A Fresnel lantern (pronounced frəˈnɛl or fruh-nel) is a common lantern used in theatre that employs a Fresnel lens to wash light over an area of the stage. The lens produces a wider, soft-edged beam of light, which is commonly used for back light and top light.

The distinctive lens has a 'stepped' appearance instead of the 'full' or 'smooth' appearance of other lenses. This allows the lens to have a much greater curvature than would otherwise be practical. The lens focuses the light by tilting each ring of glass slightly more toward the center as the distance is increased from the center of the lens. If the glass were completely flat, this would cause a corresponding pattern of circles of light, so Fresnel lenses are usually stippled on the flat side.

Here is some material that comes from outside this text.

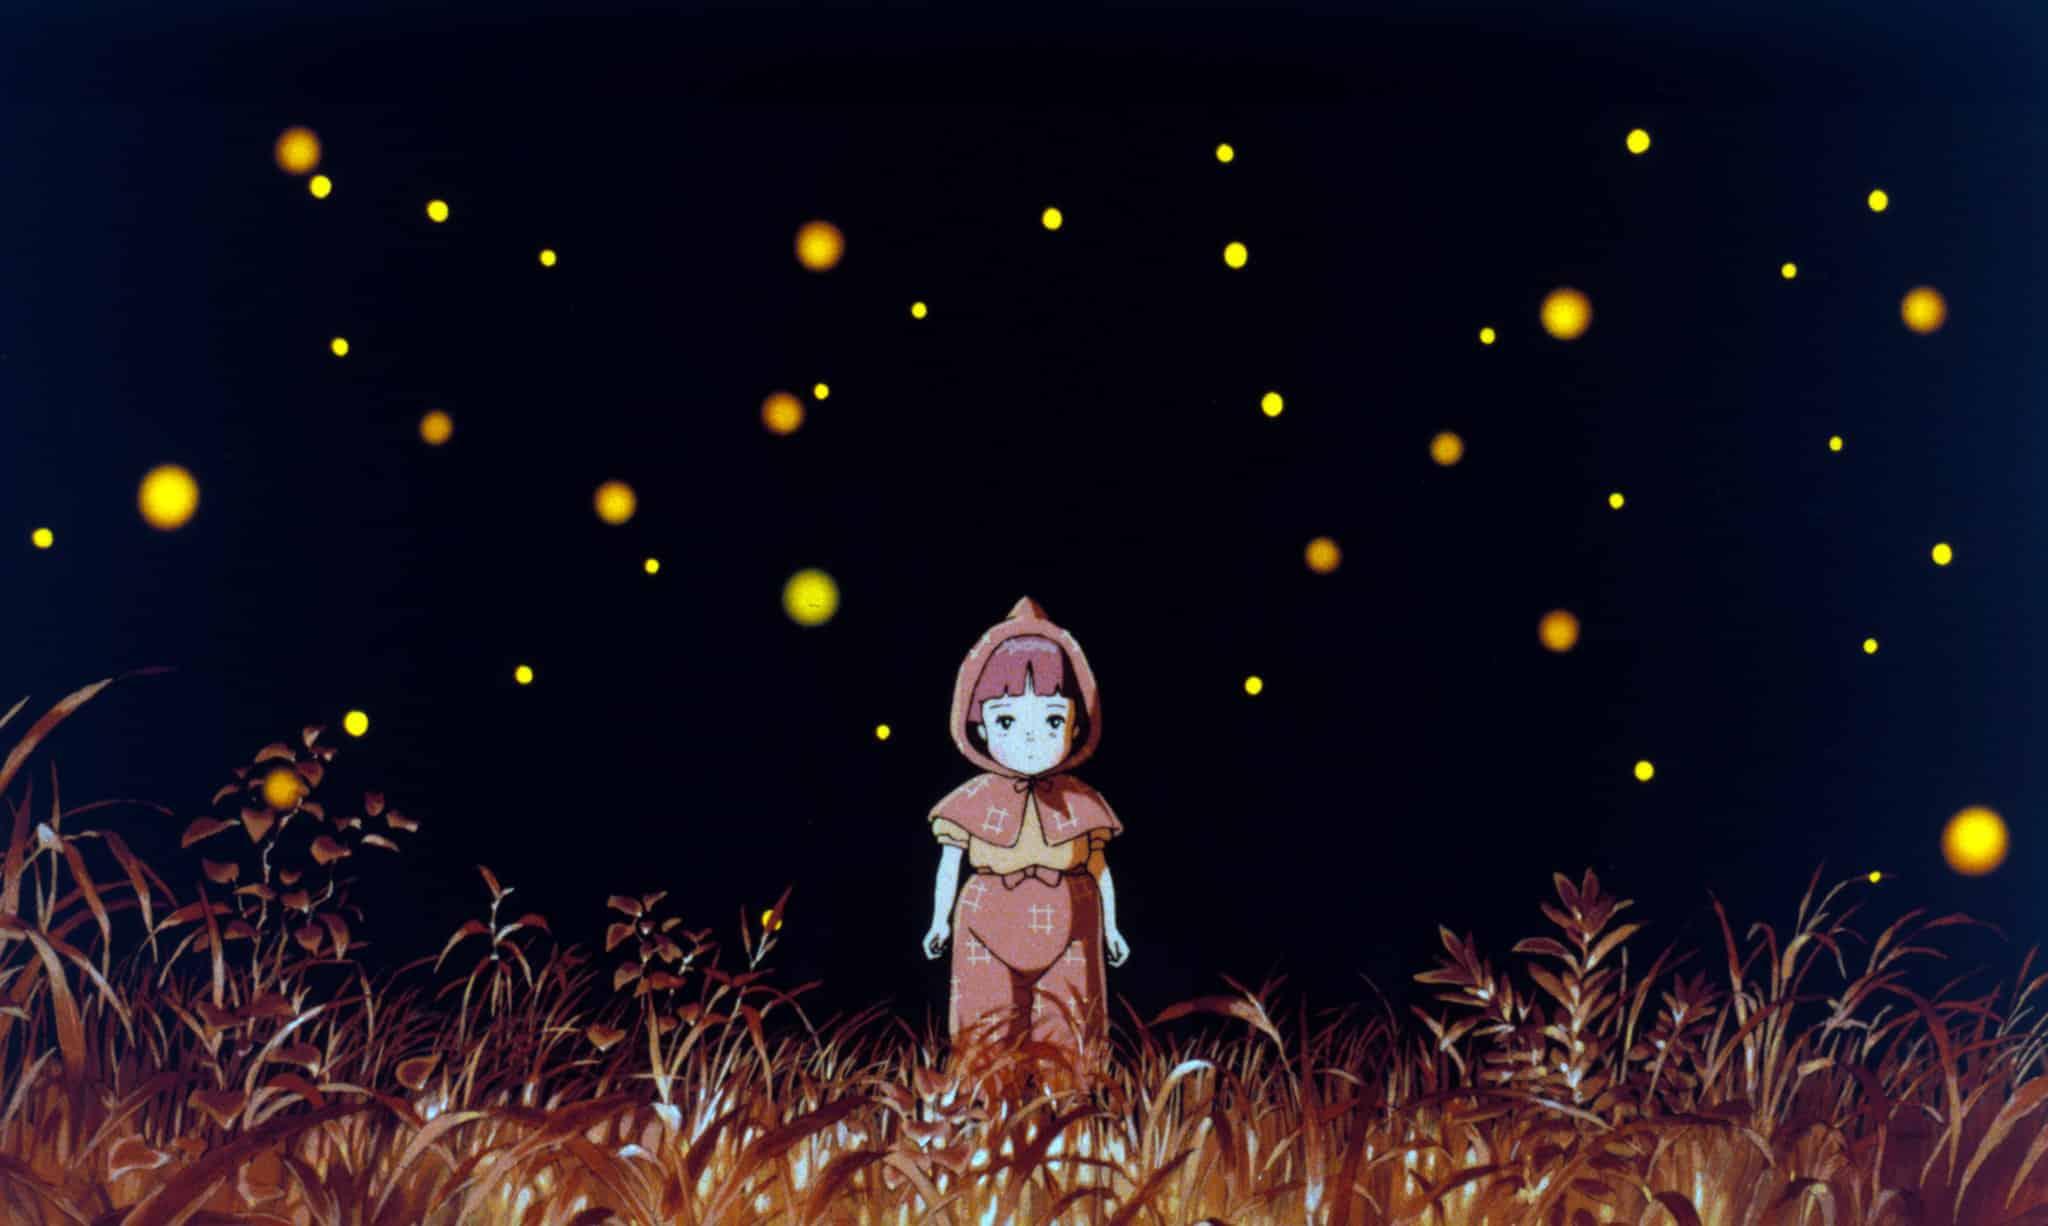 najlepšie animované filmy - Grave of the Fireflies

This pattern of small bumps helps to break up the light passing through the lens and gives Fresnels their characteristic soft beam. This means that the intensity of the light is consistent across the spread of the beam of light, as opposed to being less intense around the edges as in an ERS. The stepped lens design causes less heat buildup than does a plano-convex lens of the same angle.

These lenses are named after their inventor, Augustin-Jean Fresnel, who developed the lens initially for use in lighthouses.

Construction
Theatrical Fresnels are typically made in eight-, six- or three-inch varieties, referring to the diameter of the lens, with lamps ranging in power from 150 W (typically with a three-inch lens) to 2,000 W (eight-inch lens). The three-inch variety is referred to as an inkie. Fresnel lenses can operate close to the light source and are very cheap to produce, so the lanterns tend to be small and cheap.

In film lighting, a much greater range of lens and lamp sizes are produced and used. For commonly available fixtures, lenses range in size from 2 to 24 inches, and lamp power ranges between 150 W and 24,000 W.

Fresnels use a spherical reflector, with the filament of the lamp at the focus point of the reflector. The reflector effectively doubles the light output of the fixture, as all light that is emitted backwards into the reflector is reflected back through the filament of the lamp and out the front. As with most lighting fixtures, the lamp and reflector cannot move independently, and remain a fixed unit inside the housing. It is this unit that is moved back and forth inside the lamp to focus the light. This is done by a slider on the bottom of the lantern, or by a worm track with a crank in the back of the unit. The lamps are almost always mounted 'base down', i.e. with the bulb standing upwards. Burning these lamps upside down will shorten lamp life significantly.

Fresnels are not very efficient. The reflector cannot be larger than the lens aperture, and thus all the radiated light that is neither redirected forward by the spherical reflector behind the bulb nor emitted directly through the lens is absorbed by the casing as waste heat.

The degree to which the lamp may be focused is limited by the length of the housing. To reduce the width of the beam, the lamp and reflector are moved further back from the lens (spot focus). However, the farther back in the housing the lamp is placed, the more light is wasted in the housing.

Use

In the theater and dance world, Fresnels are most often used for top or backlighting, at medium throw distances. In small venues, they are occasionally used for front light, although the relative lack of control, when compared to an ellipsoidal, is a major disadvantage. The distinctive soft beam of a fresnel can make it very useful as a special in certain situations.
 
While the focus can alter the size of the beam, the distinctive scatter of light that the Fresnel lens emits also requires a way of controlling its shape. Since Fresnels cannot use internal shutters, such as those found in an ellipsoidal spotlight, they are often fitted with distinctive barn doors to control the spill and shape the beam of light. These are large metal flaps that may be mounted just beyond the color slot at the front of the lantern. They are colloquially known as "Harris Flaps" in the United Kingdom theatre industry.